Rev. Jim Mitulski (right), pastor of the Metropolitan Community Church of SF, hands a volunteer a bag of marijuana after church services as part of a relief effort in the summer of 1996 to help people suffering from AIDS. (Lea Suzuki/San Francisco Chronicle via Getty Images)
When you think of gay activists and icons in San Francisco history, leaders like Supervisor Harvey Milk and Sally Miller Gearhart or recording artist — and Castro staple — Sylvester might first come to mind.
These pioneers did their work in the public eye and are recognized for their achievements, but they weren’t the only ones on the front lines fighting for the rights of the city’s queer community.
In a small church a few blocks away from the Castro — during the height of the AIDS epidemic — a much lesser-known activist was fighting to provide comfort to a dying congregation of LGBTQIA Christians.
Not your average pastor
“My earliest survival skill in church was: Don’t listen if they’re talking, just pay attention when they’re singing,” said Rev. Jim Mitulski, the former senior pastor at the Metropolitan Community Church in San Francisco’s Castro district.

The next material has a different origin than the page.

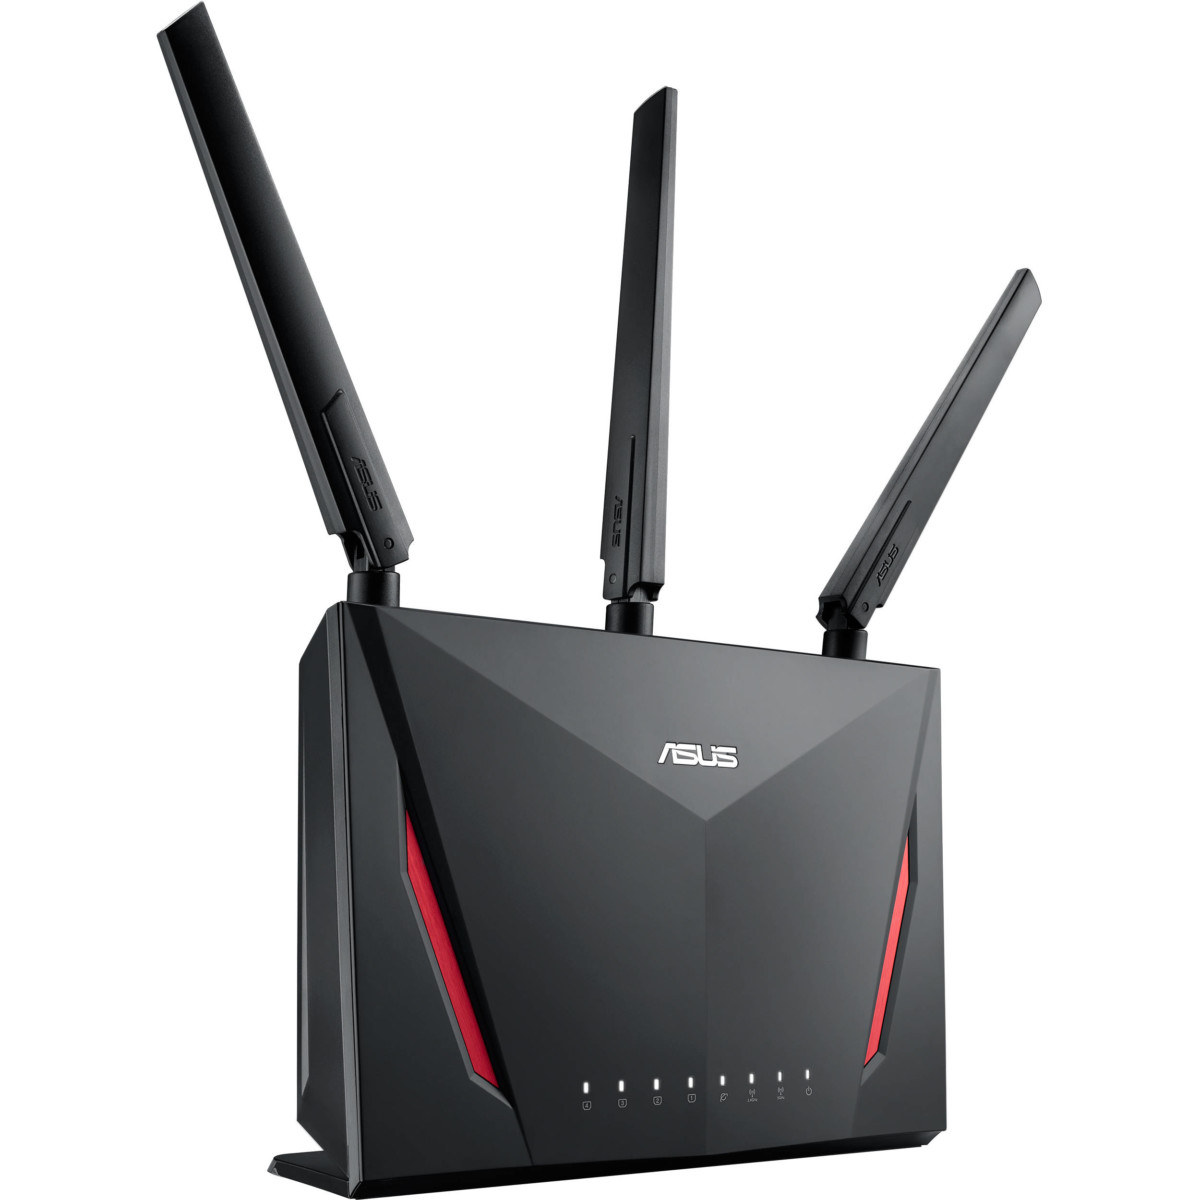 gennemsnit hellige opføre sig TEST: Asus RT-AC86U - En god Wi-Fi router! - recordere.dk

Growing up in northern Michigan, Mitulski, now 63, was immediately drawn to church: the ritual, the kindness and, most of all, the music. “I don’t think I’ve ever met a piece of music I didn’t like, especially in a religious setting,” he said.
Mitulski attended New York’s Columbia College in the 1970s (then an all-men’s school) and immediately felt at home there. “Who do you think goes to a men’s college in the ’70s?” he said. “Gay guys.”
While in New York, Mitulski says he was focused more on political activism and sex than on his schoolwork, “and my grades reflected it.” He eventually dropped out of college and continued to pursue his activism work. “I was a political gay,” he said.
After discovering the Metropolitan Community Church (MCC) in Manhattan’s Greenwich Village, Mitulski began considering a new career path. In this new gay denomination — founded in 1968 by and for LGBTQIA people — Jim found a spiritual family.
“It didn’t occur to me that you could be gay and be a priest,” he said.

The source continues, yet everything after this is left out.